在 JavaScript 中过滤数组

一个简单的 for 循环，与 indexOf 和拼接匹配匹配。

var arrOne = [1, 4, 7];
var arrTwo = [1, 2, 3, 4, 5];
var arrThree = [];
for (var i = 0; i < arrTwo.length; i++) {
  if (arrOne.indexOf(arrTwo[i]) >= 0) {
    arrThree.push(arrTwo[i]);
    arrTwo.splice(i, 1);
    i--;
  }
}
console.log(arrOne, arrTwo, arrThree)

Array.IndexOf

Array.splice

查看下划线库。 arrOne 中所有也在 arrTwo 中的元素都称为 _.intersection() 。

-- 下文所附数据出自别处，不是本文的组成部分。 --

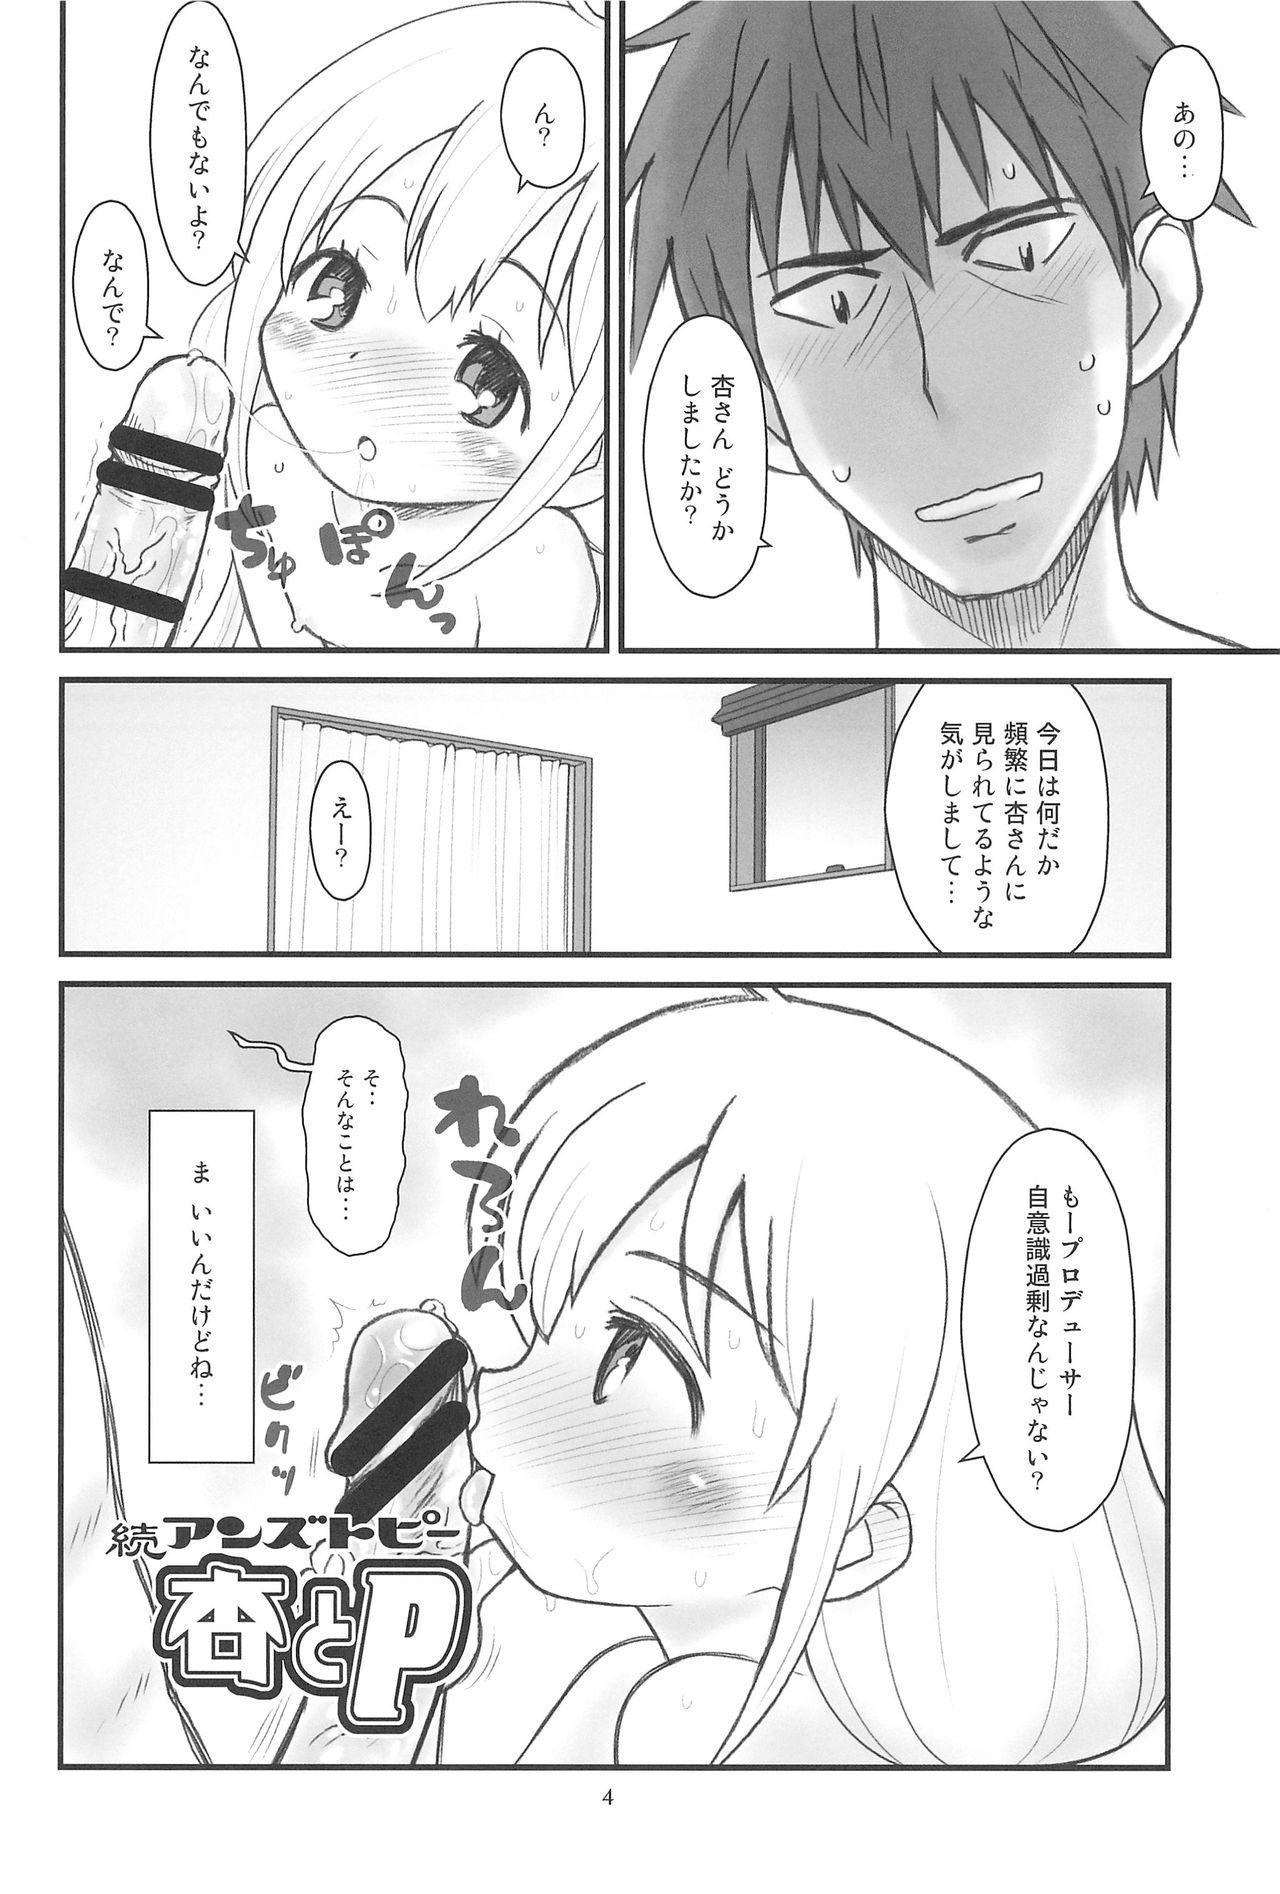 Hinnyuu Musume 34 5

使用简单的 while 循环和 Array#splice 和Array#unshift方法。

var arrOne = [1, 4, 7];
var arrTwo = [1, 2, 3, 4, 5];
var arrThree = [];
// get length of array
var l = arrTwo.length;
// iterate over array from the end
while (l--) {
  // check value present in arrOne
  if (arrOne.indexOf(arrTwo[l]) > -1)
  // if present then remove and insert it
  // at the beginning of arrThree
    arrThree.unshift(arrTwo.splice(l, 1)[0])
}
console.log(arrTwo, arrThree);

您可以使用过滤器功能来过滤数组。尝试使用以下代码。

    var arrOne = [1, 4, 7];
    var arrTwo = [2, 3, 5, 1];
    var arrThree = [];
    function checkValue(a) {
        return !arrOne.indexOf(a);
    }
    function checkValue2(a) {
        return arrThree.indexOf(a);
    }
    function myFunction() {
        arrThree = arrTwo.filter(checkValue);
        document.getElementById("demo").innerHTML = arrThree ;
        arrTwo = arrTwo.filter(checkValue2);
        document.getElementById("demo1").innerHTML = arrTwo;
    }

var arrOne = [1, 4, 7];
var arrTwo = [1, 2, 3, 4, 5];
var arrThree = diff(arrOne,arrTwo);//passes the two arrays
console.log(arrThree);
function diff(one, two){
  one.forEach(function(e1){ //iterate through the first array
  
    two.forEach(function(e2){//iterate through second
     
      if(e1 == e2) //checking if elements are equal
       two.pop(e2);//removing from second array
   
    });
 });
  return two; //returning new array
}

您可以使用下划线 js 进行简单的数组操作，差分操作将_.difference([1, 2, 3, 4, 5], [5, 2, 10]);。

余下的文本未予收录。